→ **Exercise instructions**
Reproduce the listing that follows word for word, without its pictures.

→ **Recorded information**
****
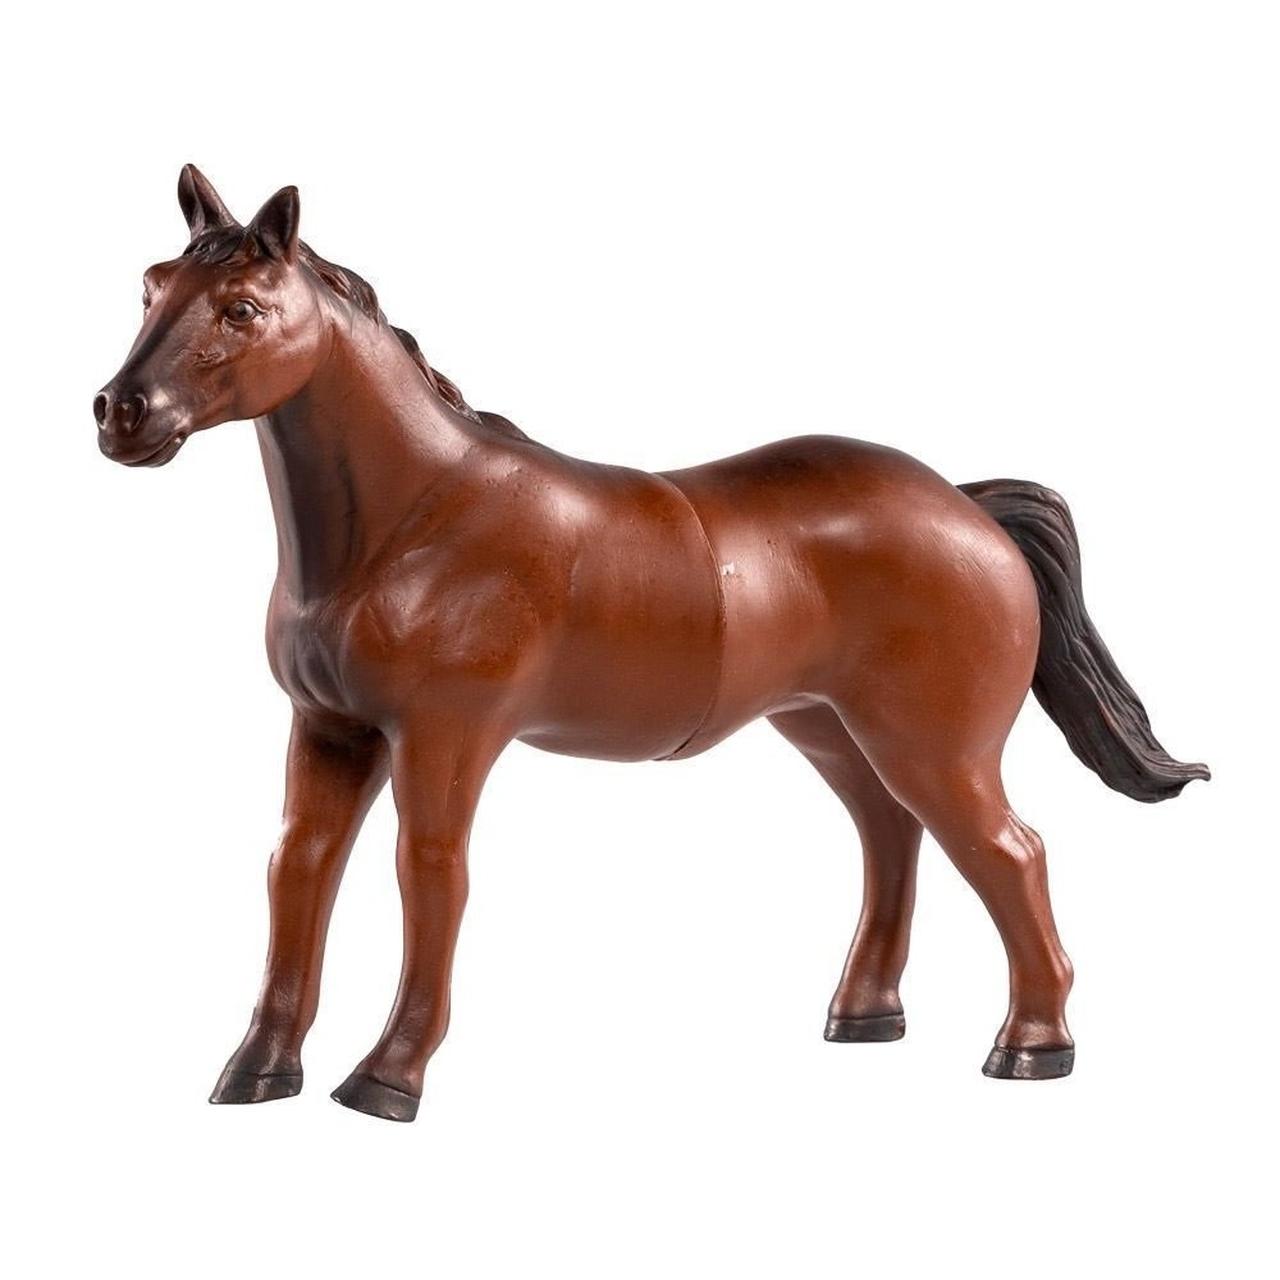 Brinquedo Boneco De Vinil Cavalos Cavalo Marrom de Vinil - Db Play
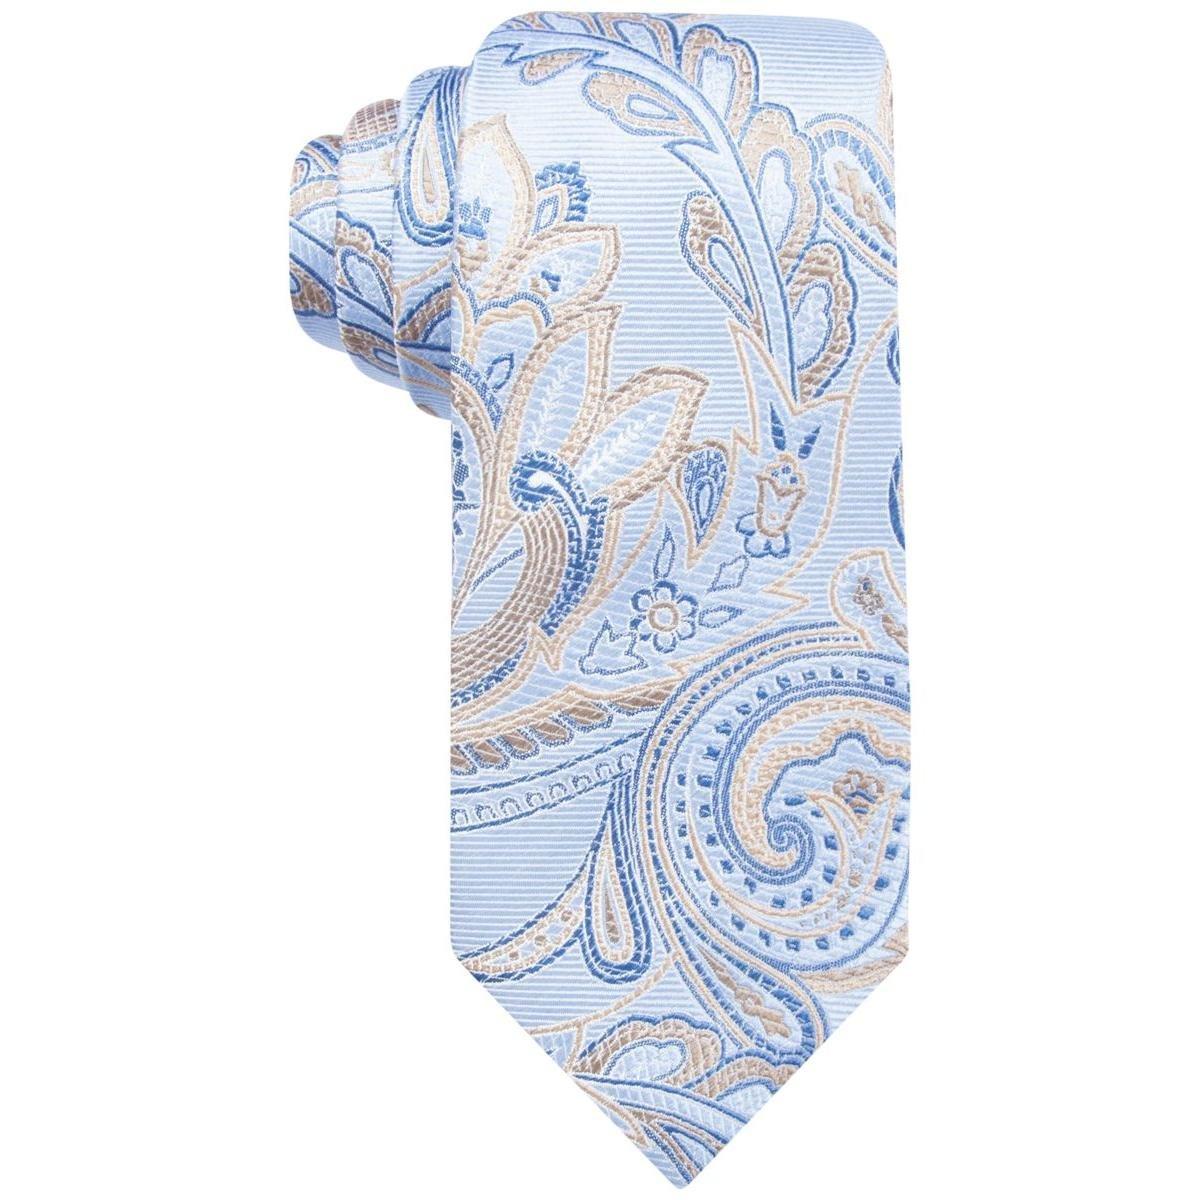 Tasso Elba Mens Genoa Paisley Neck Tie Blue
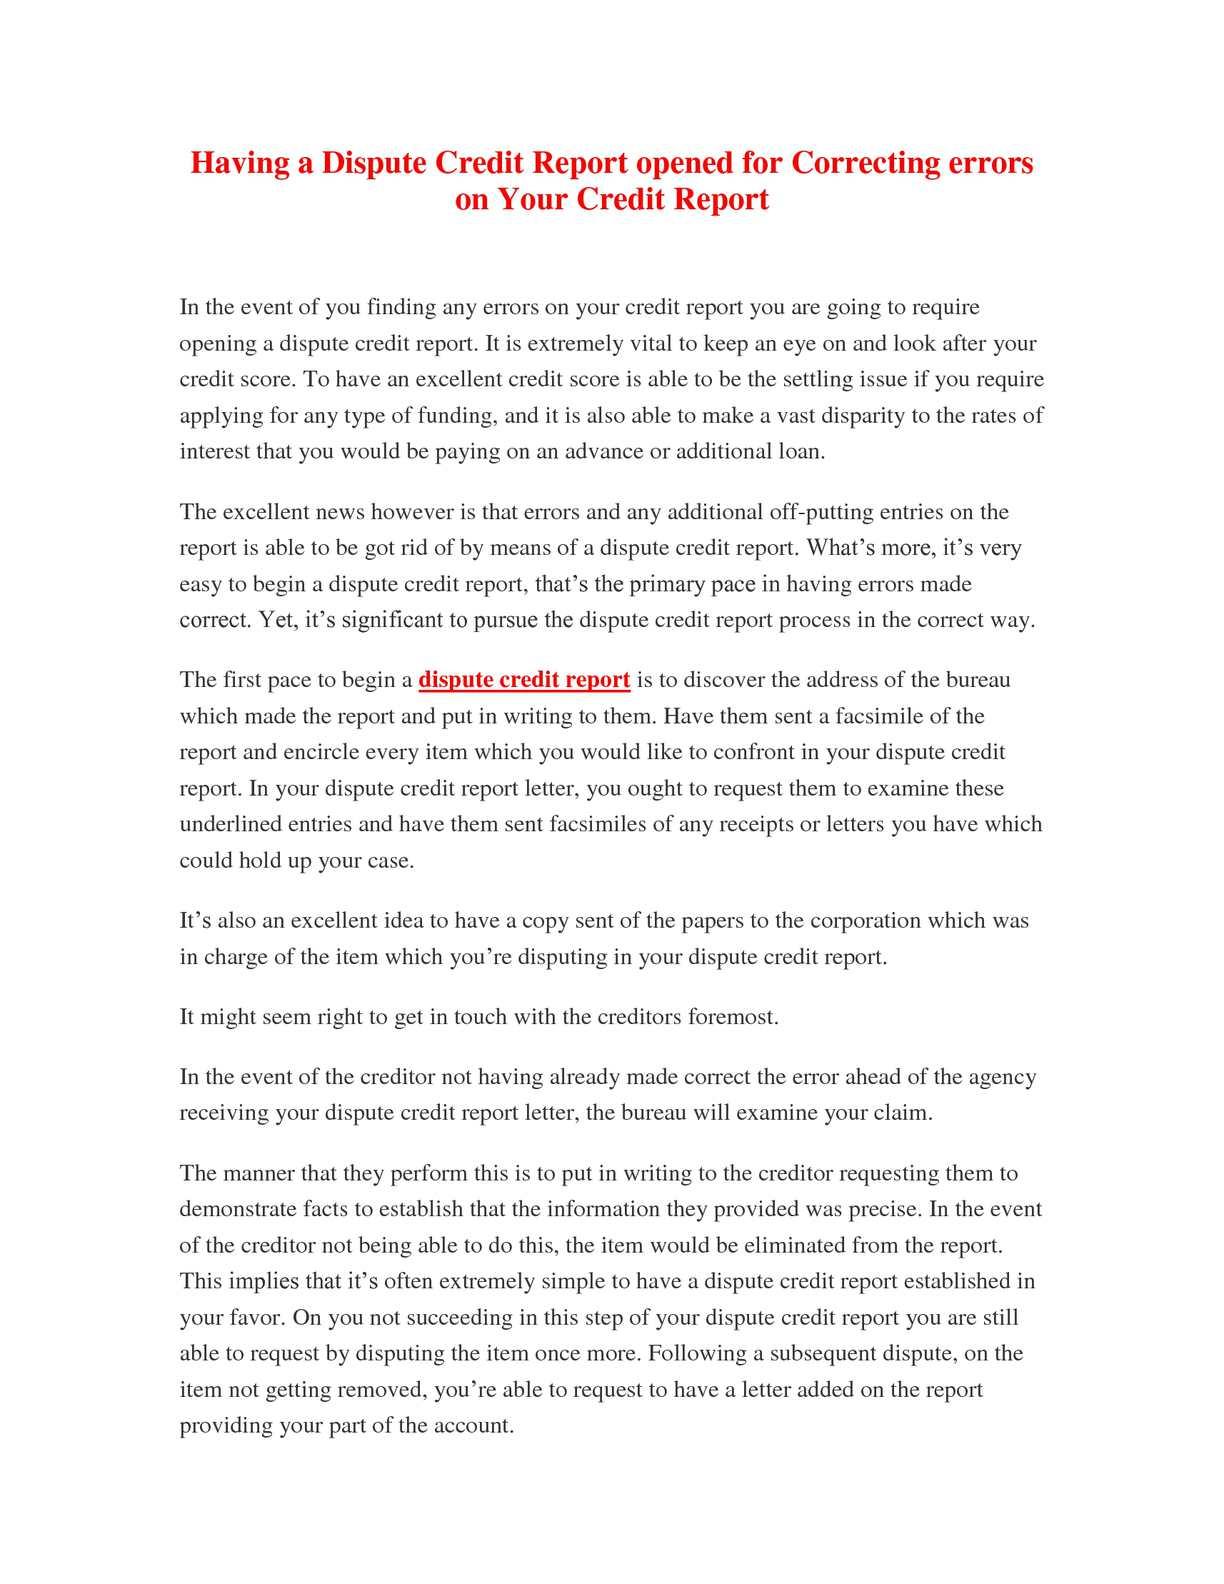 Credit Report Dispute >> Calameo Having A Dispute Credit Report Opened For
****
→ **The completed task**
 Brinquedo Boneco De Vinil Cavalos Cavalo Marrom de Vinil - Db Play
 Tasso Elba Mens Genoa Paisley Neck Tie Blue
 Credit Report Dispute >> Calameo Having A Dispute Credit Report Opened For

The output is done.